_WHAT TO DO_
Your output should match the listing below word for word, without any images.

Segment Start: SUPPLIED DATA

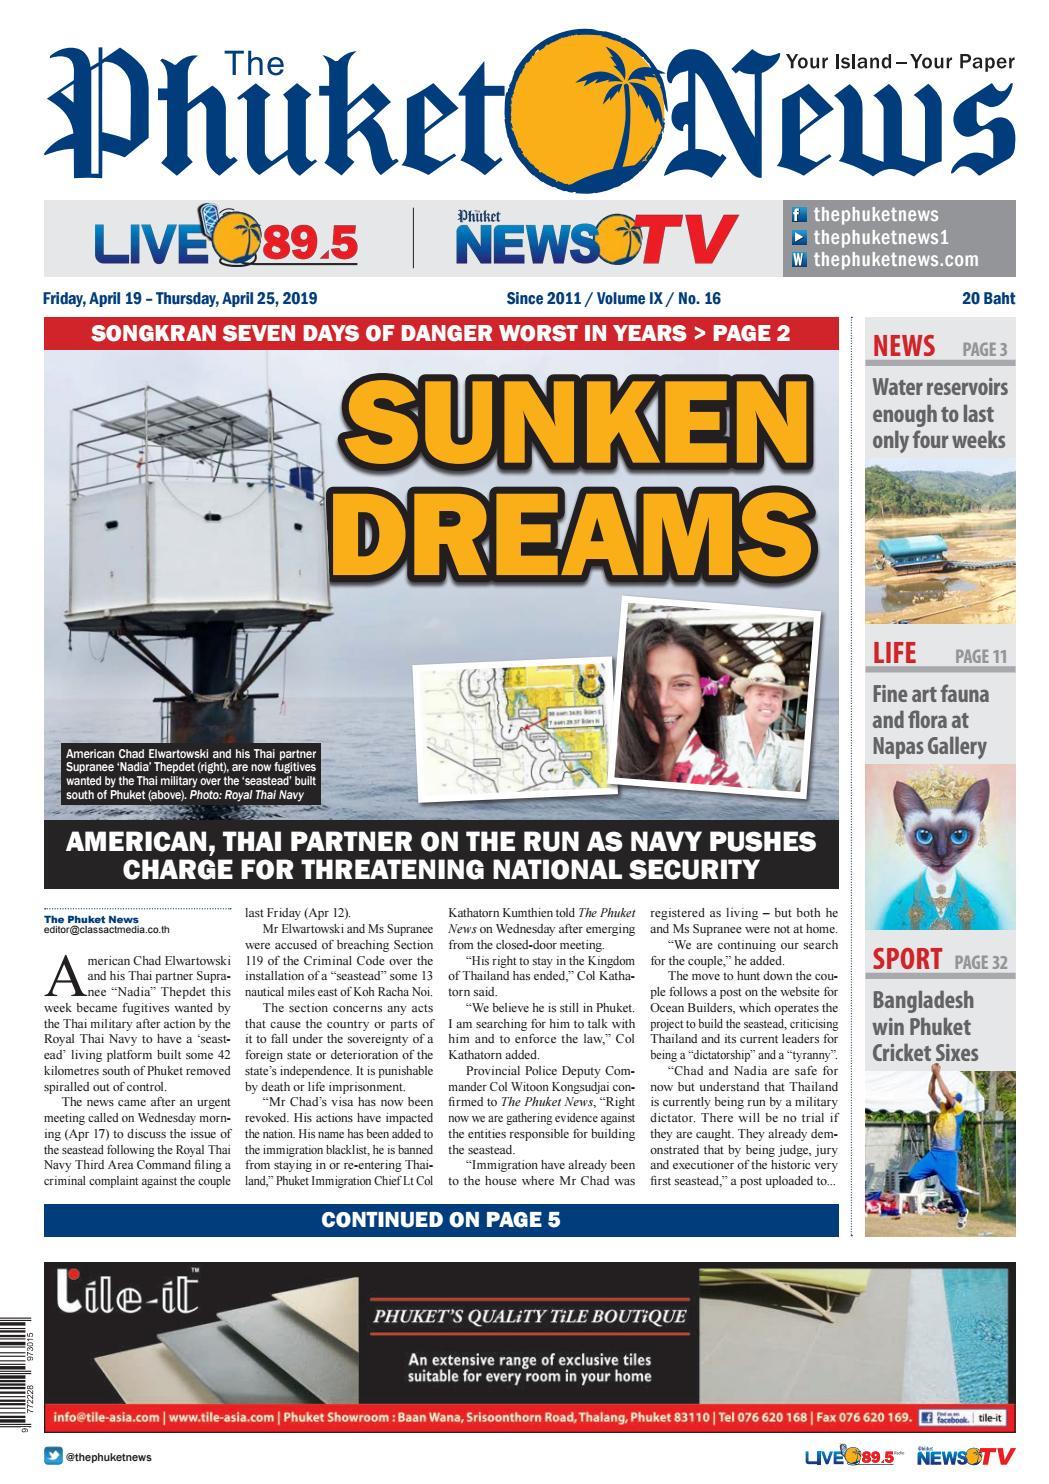 The Phuket News 19 April 2019 by The Phuket News - issuu
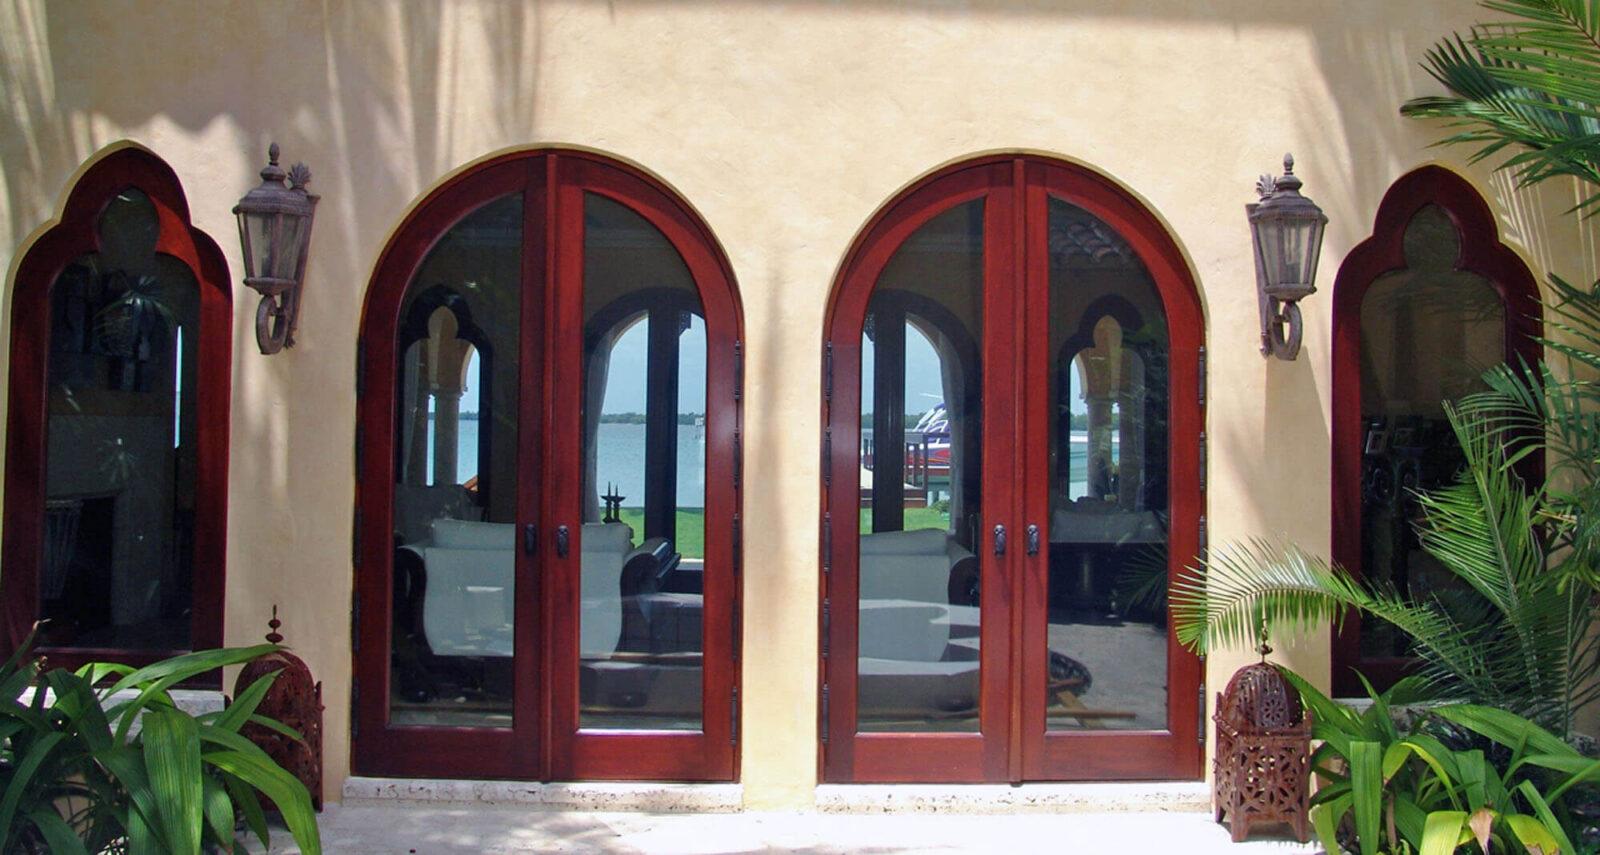 SUNSET ISLAND DOORS AND WINDOWS.
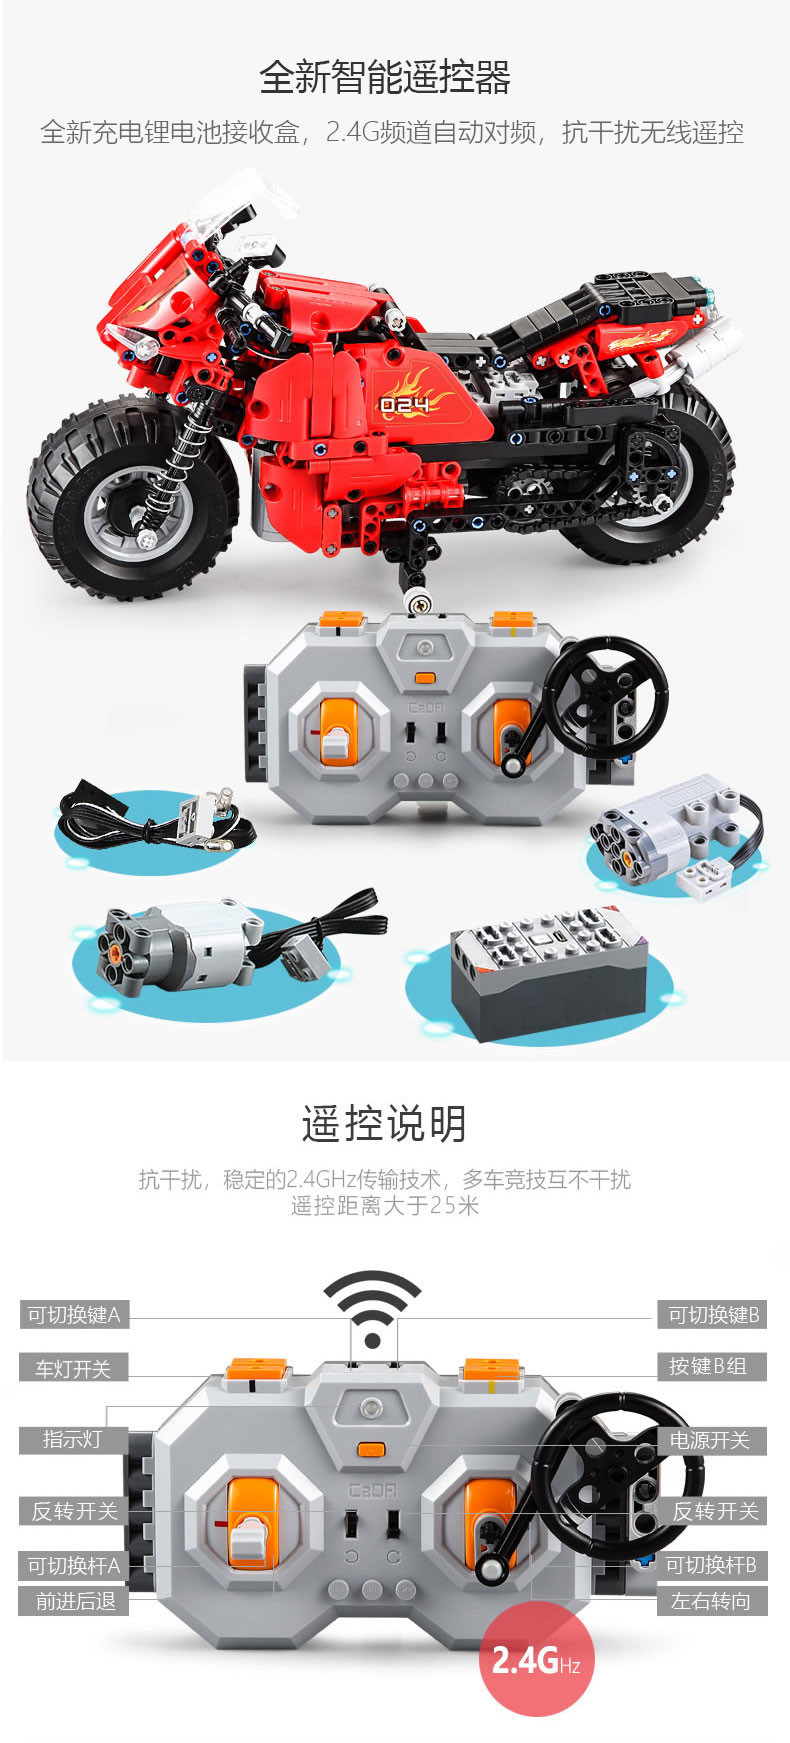 DoubleE / CADA C51024 Track Motorcycles 6
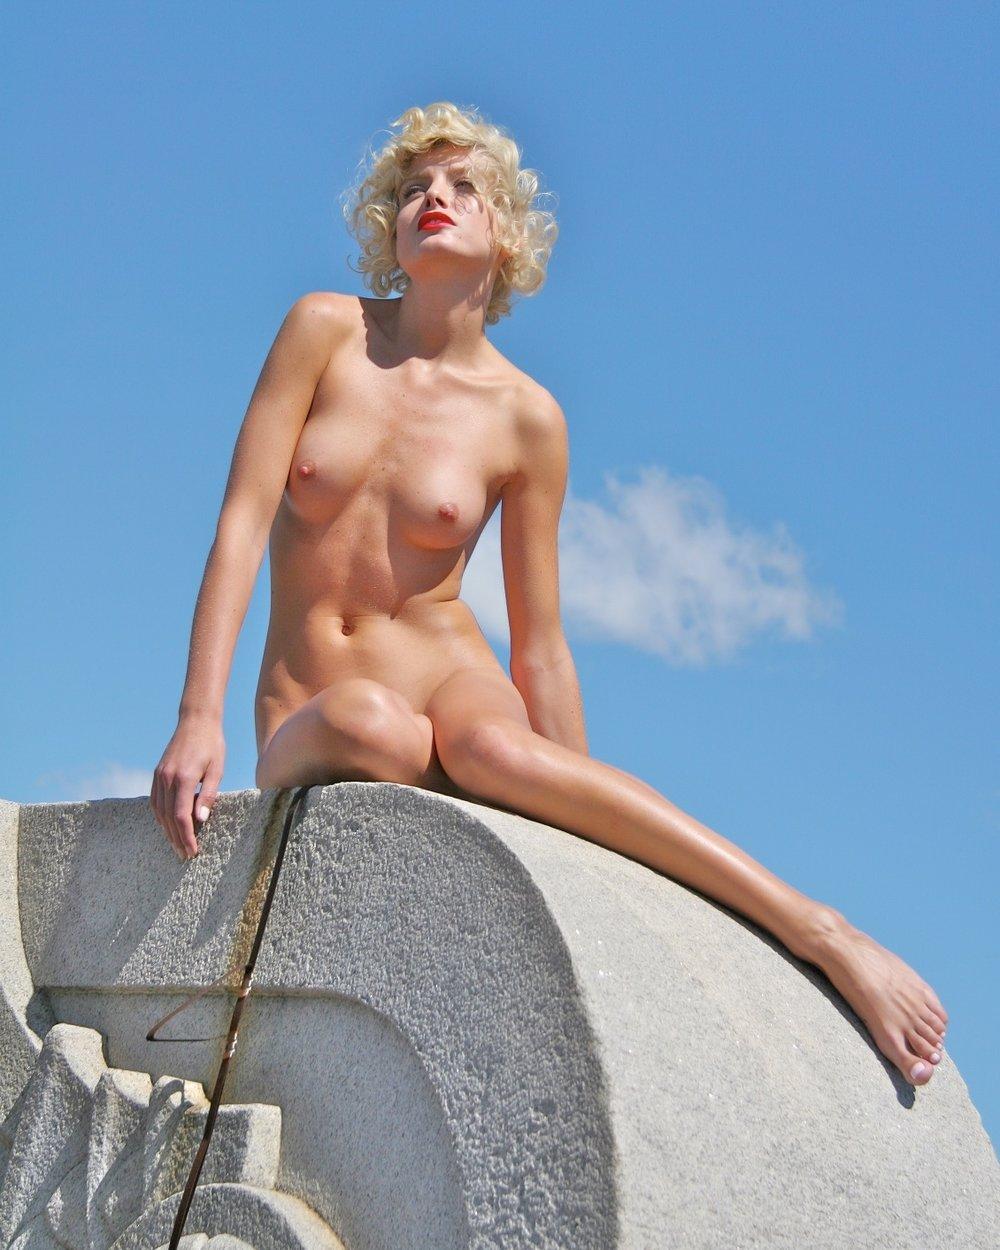 Beauty-Editorial 034 10-27-452007-07-01.jpg

Segment End: SUPPLIED DATA

_SOLUTION FOR THIS PROBLEM_
 The Phuket News 19 April 2019 by The Phuket News - issuu
 SUNSET ISLAND DOORS AND WINDOWS.
 DoubleE / CADA C51024 Track Motorcycles 6
 Beauty-Editorial 034 10-27-452007-07-01.jpg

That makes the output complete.